How New European Regulations Could Affect Outsourcing

Monday, March 16, 2015

Source: MD&DI

During the last two decades, there has been a steady increase in the outsourcing of medical device manufacturing to contract manufacturers, service providers, and component suppliers. However, over the past few years there has also been an increase in the frequency of recalls and increased scrutiny of the supply chain by regulators. The new European Medical Device Regulation (EMDR) places additional burden on manufacturers and their suppliers. Ultimately, this may hurt the profitability of contract manufacturers and the willingness of manufacturers to outsource manufacturing.

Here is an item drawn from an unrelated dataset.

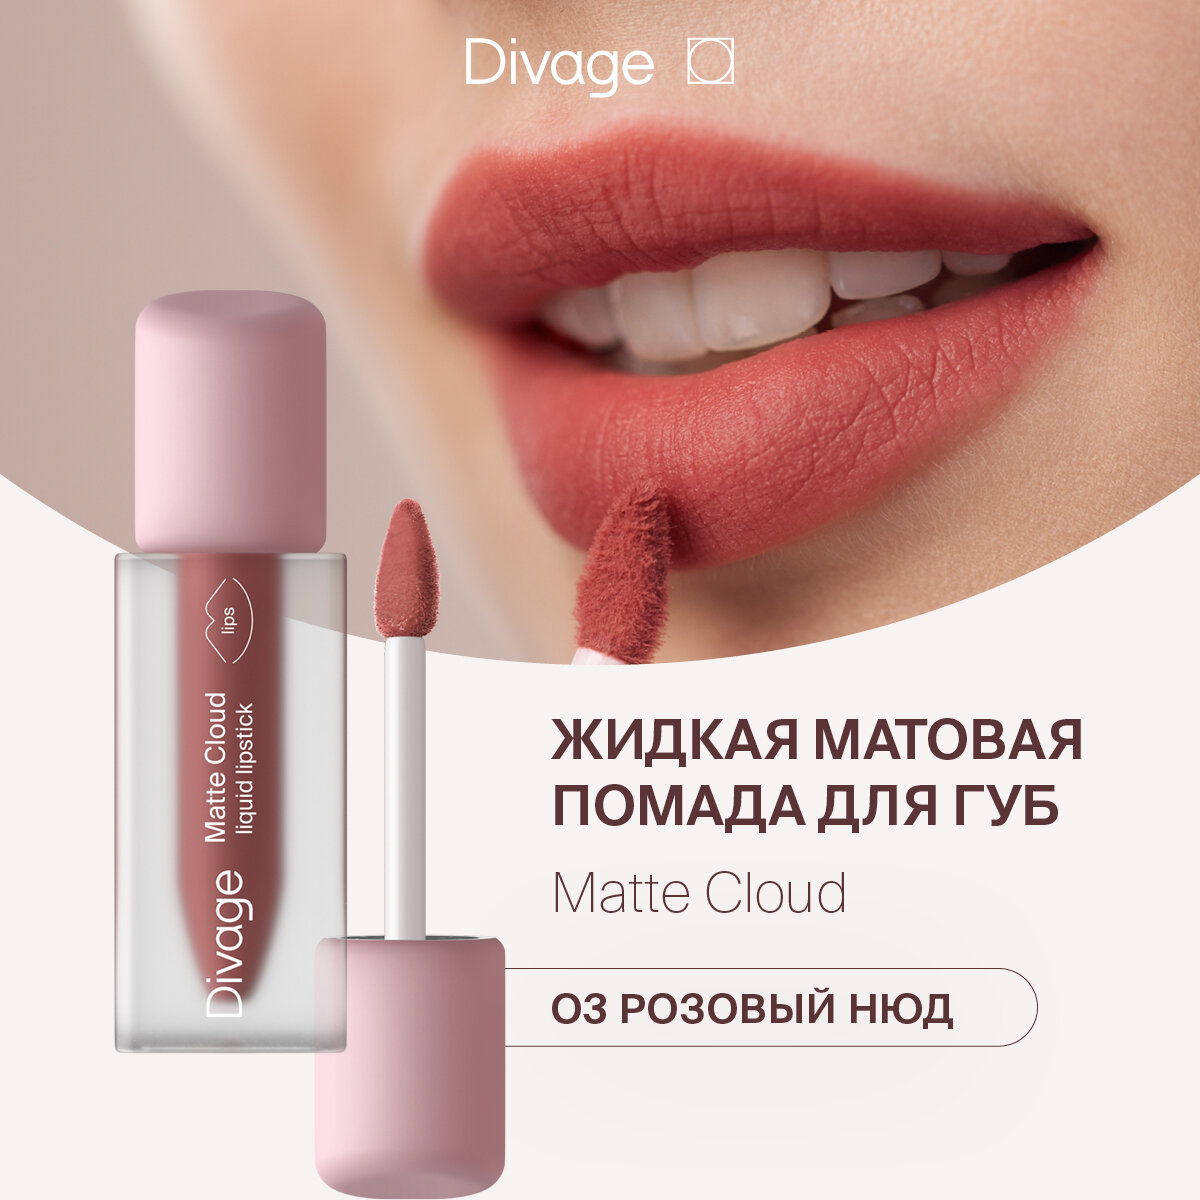 Divage Помада для губ жидкая матовая Matte Cloud Liquid Lipstick тон 03

Here are some examples of how the EMDR may impact outsourcing of medical device manufacturing:

Changes to Supplier Quality Agreements

In the fall of 2013, most manufacturers of Class III devices were informed by Notified Bodies that they should expect an unannounced audit in 2014. They were also told that if they outsourced manufacturing to critical subcontractors, or if there were crucial suppliers of unique components, then the Notified Body may also perform an unannounced audit of their suppliers. This information was in response to a recommendation published by the EU Commission on September 24, 2013.

Throughout 2014, especially during the second half of the year, Notified Bodies subjected high-risk Class III device manufacturers and a few contract manufacturers to unannounced audits. These unannounced audits are expected to continue throughout 2015, and gradually, these audits will be extended to Class IIb and Class IIa manufacturers and their suppliers. In order to ensure that Notified Bodies will be able to conduct these audits, supplier agreements will need to be updated to specifically allow unannounced audits.

Increased Scrutiny of Your Supplier’s Supply Chain

In the past, if a supplier outsourced operations like heat treatment, coatings, or laser marking to a third party, the manufacturer was seldom aware of who was conducting the work. The only “control” of a supplier’s supply chain was the requirement that any changes to suppliers be communicated to the manufacturer as a change notification.

One of the consequences of the fraudulent Poly Implant Prosthese (PIP) breast implant scandal is that Notified Bodies are asking manufacturers to disclose each of their crucial suppliers—including raw material suppliers. This is different from previous years when Notified Bodies only focused on significant subcontractors that perform contract sterilization or manufacture a finished device. Ultimately, this will result in more thorough incoming inspection by suppliers as well as auditing of raw materials and component suppliers.